Молодые люди в широкополых шляпах и ярких галстуках, скрестив руки на груди, понимающе переглядывались.
— Сколько величия в том, что сейчас происходит! Возможно ли? И такова жизнь? Неужто так и будет, когда народ добьется справедливости?
— Но уж это, — и старый литератор Ортензи раскинул дрожащие руки, — это не любовь народа, которая породила гения. Здесь, Беатриче, выражено отречение и жалкое величие героя, вынужденного покинуть завоеванную землю. Любовь обреченного смерти! Единственное, что нам еще осталось!
Старая женщина молча погладила его руку.
— Как жаль, что Гарибальди не знал этой музыки, — говорил аптекарь Аквистапаче, обращаясь к вдове Пастекальди. — Он распорядился бы почаще играть ее своим полкам, чтобы мы лучше представляли нашу великую цель — свободу. Эта музыка окрыляет душу. Когда я слушаю, мне кажется, что я снова гляжу в лицо героя.
В клубной ложе молодой Савеццо глубокомысленно щурился на свой нос.
«Какое мне дело до забот этих людишек и до того, в зале или на сцене они живут и умирают! Все это касается одного меня, ибо только я здесь избранник судьбы. Я восторжествую над всеми, кто не дает мне ходу, и стану славен и велик… Я сам мог бы написать эту музыку, но и ее у меня украли».
Подальше, в ложе Йоле Капитани, куда адвокат наведался тайком, сей достойный муж раскачивался на каблуках и шарил глазами по полу, предаваясь мечтам о низвержении дона Таддео, о создании газеты, об оживлении и процветании города. «Никогда я в такой мере не чувствовал своей кровной связи с ним». И его масленые глазки обшаривали докторшу снизу вверх, задерживаясь на бедрах, словно это были площади его родного города, и упираясь в аппетитный вырез на ее сдобной шее. Она повернулась к нему, и он сказал:
— Тот, кто сочинил эту музыку, знал, что такое великий человек.
Где-то под ними истерически всхлипнула женщина. Оба прислушались. Нет, этот звук больше не повторился.
— Синьора Камуцци? Быть не может! Она слишком хорошо воспитана, и потом с чего бы ей горевать?
— О, у каждой женщины могут найтись причины, — возразила Йоле Капитани, и адвокат с торжеством прочел в ее робком взоре беспомощную мольбу.
— Браво, маэстро!
Капельмейстер то и дело поворачивался на своем стуле и, не поднимаясь, отвешивал частые и быстрые поклоны. Волосы слиплись у него на лбу, и он каждый раз небрежным движением, словно делая что-то бессмысленное, к чему вынуждал его неправомерный закон, указывал палочкой на оркестрантов.

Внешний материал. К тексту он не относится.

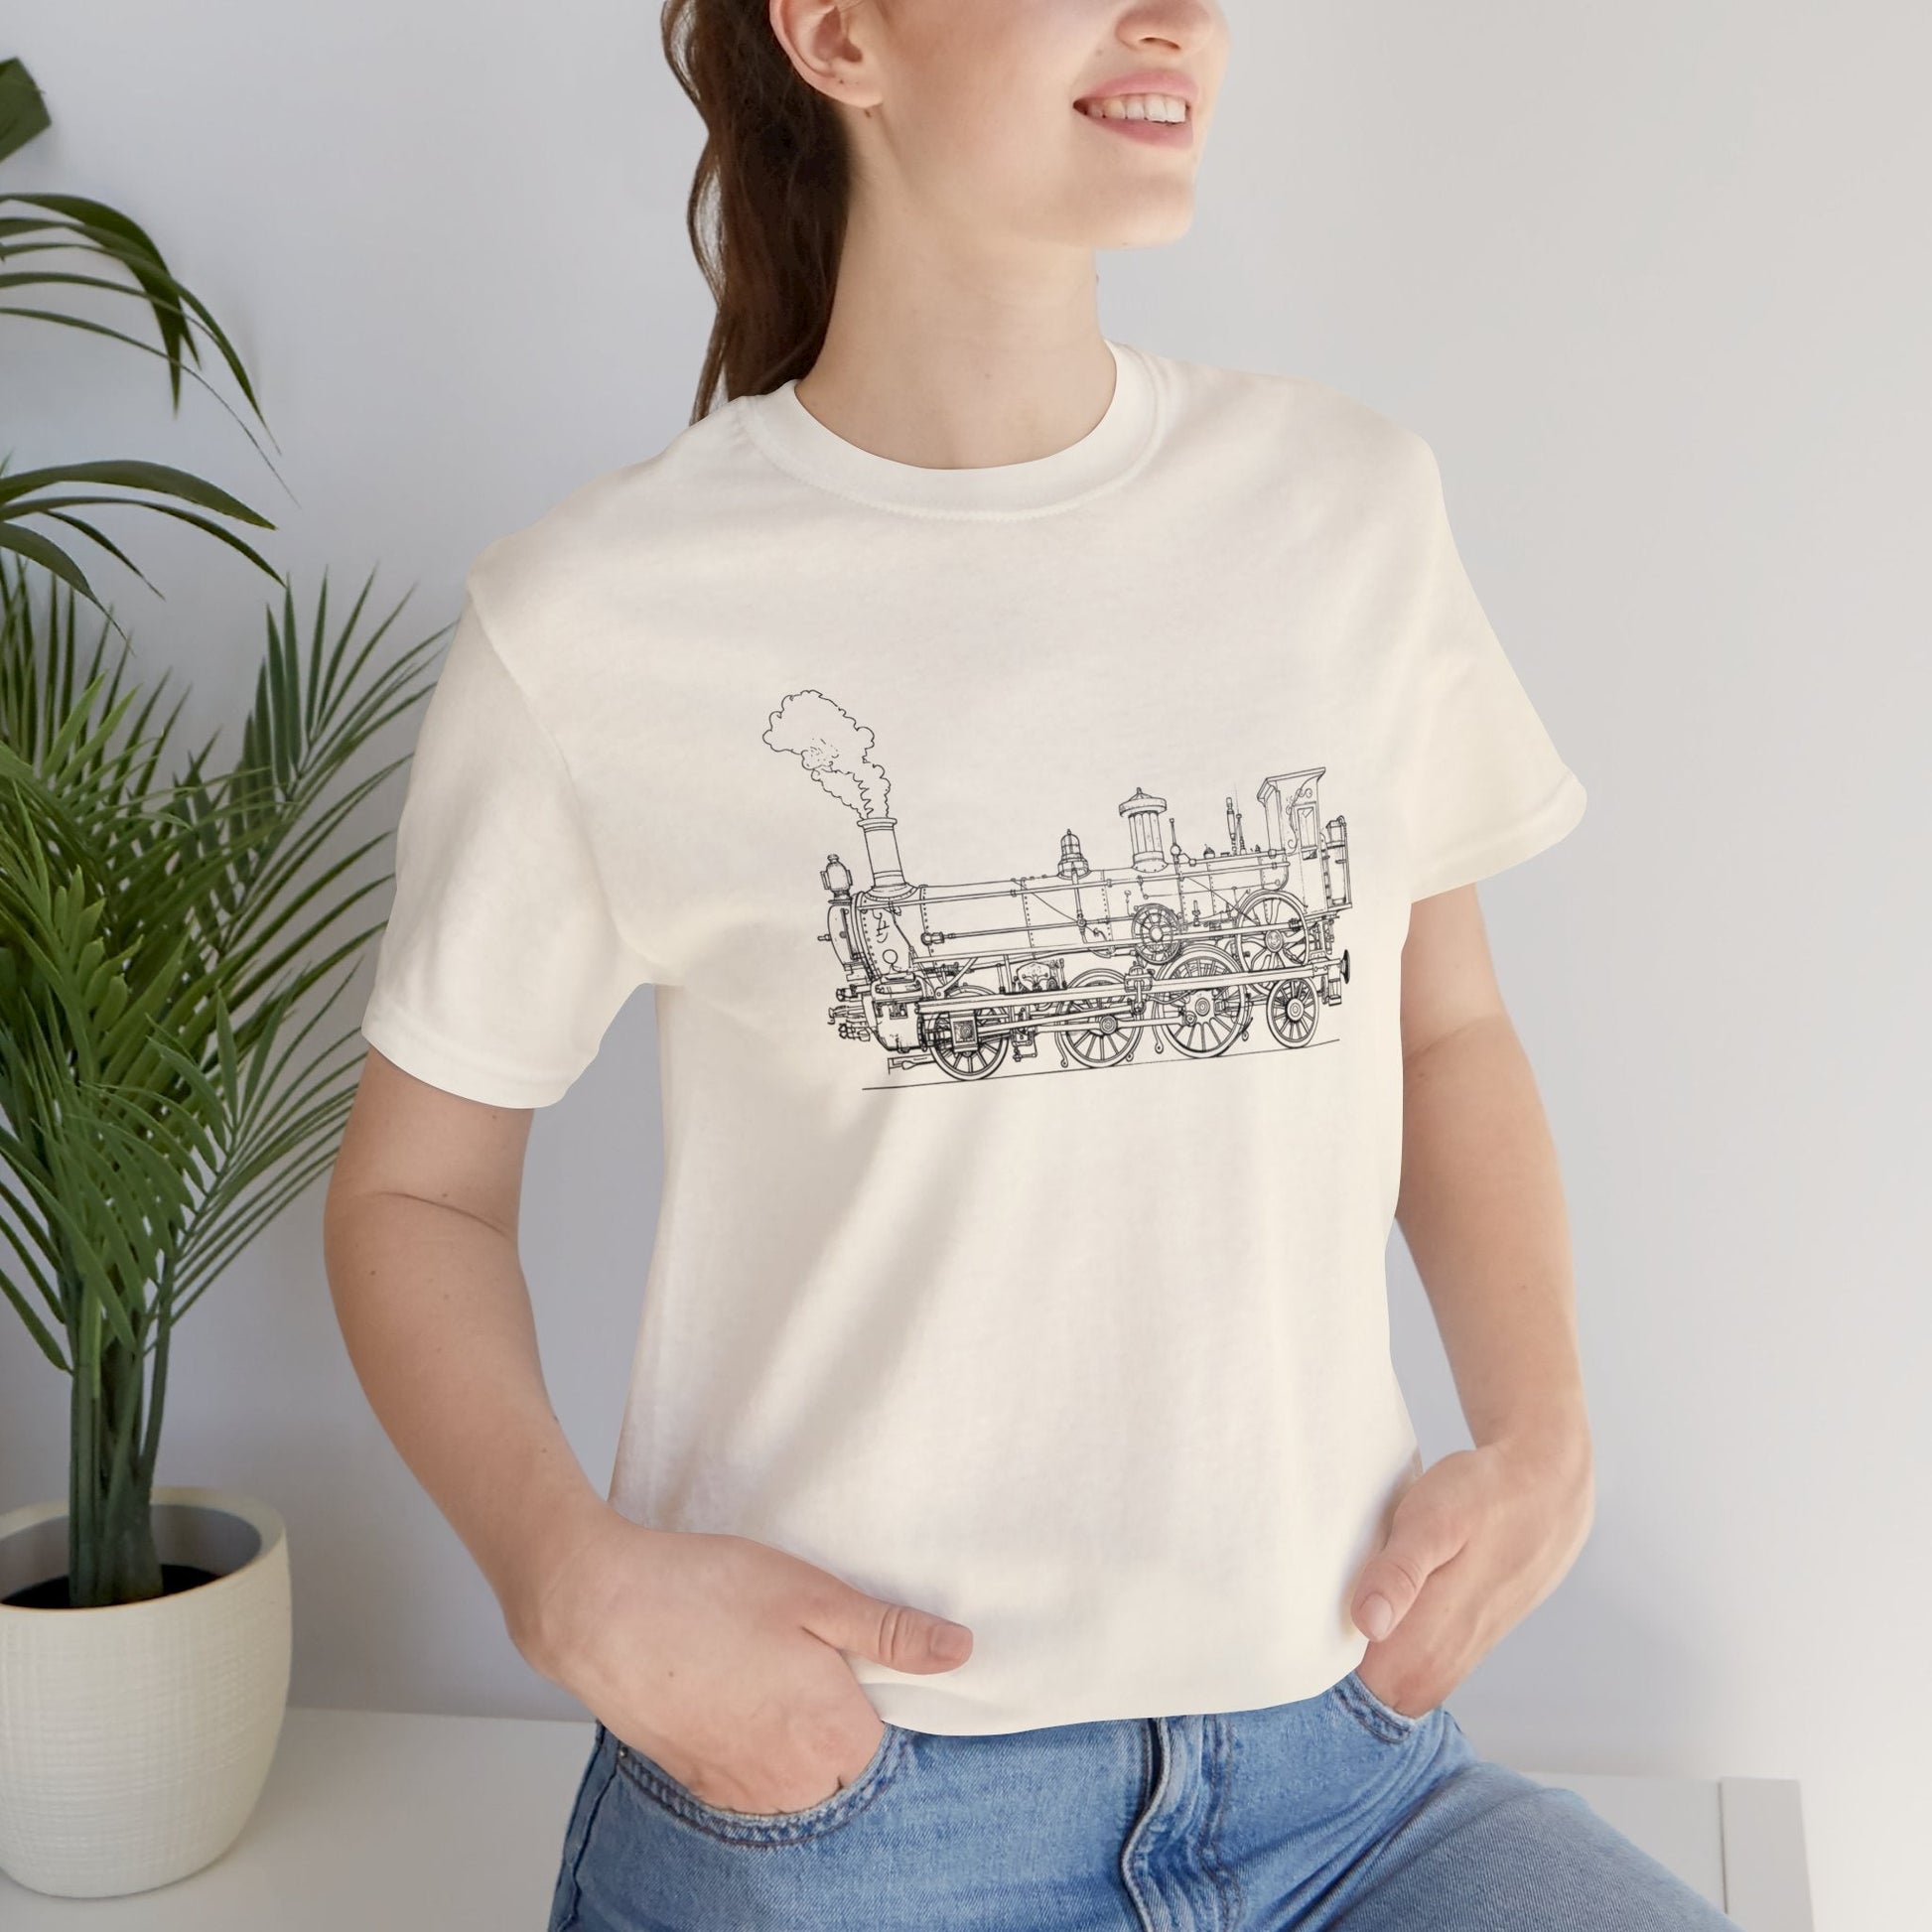 Vintage Steam Engine, Line Drawing of a Steam Engine, Classic Train T-shirt Gift for the Train Lover, High Detail Pen Drawing Full detail - FlooredByArt

«Ну вот, музыка опять зазвучала трагически, — думала Розина Джоконди. — Посмотрим, что будет, когда откроется занавес… Разумеется, первый, кого видишь перед трактиром, — это граф Танкреди, который будто бы когда-то обольстил Тоньетту. А что до Пьеро, — бедняга стал горемычным сапожником, — то ему прислуживает за столом та женщина, которая так упорно его добивалась, — она теперь, очевидно, трактирщица. Она показывает ему свою ножку и вообще заигрывает с ним. Тоньетта сверху, должно быть, видит это и, стоя на своем сломанном крылечке, кокетничает с графом. Так, значит, счастью снова конец, мои милые! Старая песня! Мы слишком склонны надеяться… Видно, и насчет Олиндо Полли мне просто показалось, не то он во время такого длинного антракта догадался бы проведать маменьку».
— Эй, не зевай, Пьеро, как бы он ее не сманил! — крикнул кто-то с галерки.
— Молчи, разве он не видит! Танкреди уходит, все расходятся, сейчас он ей покажет!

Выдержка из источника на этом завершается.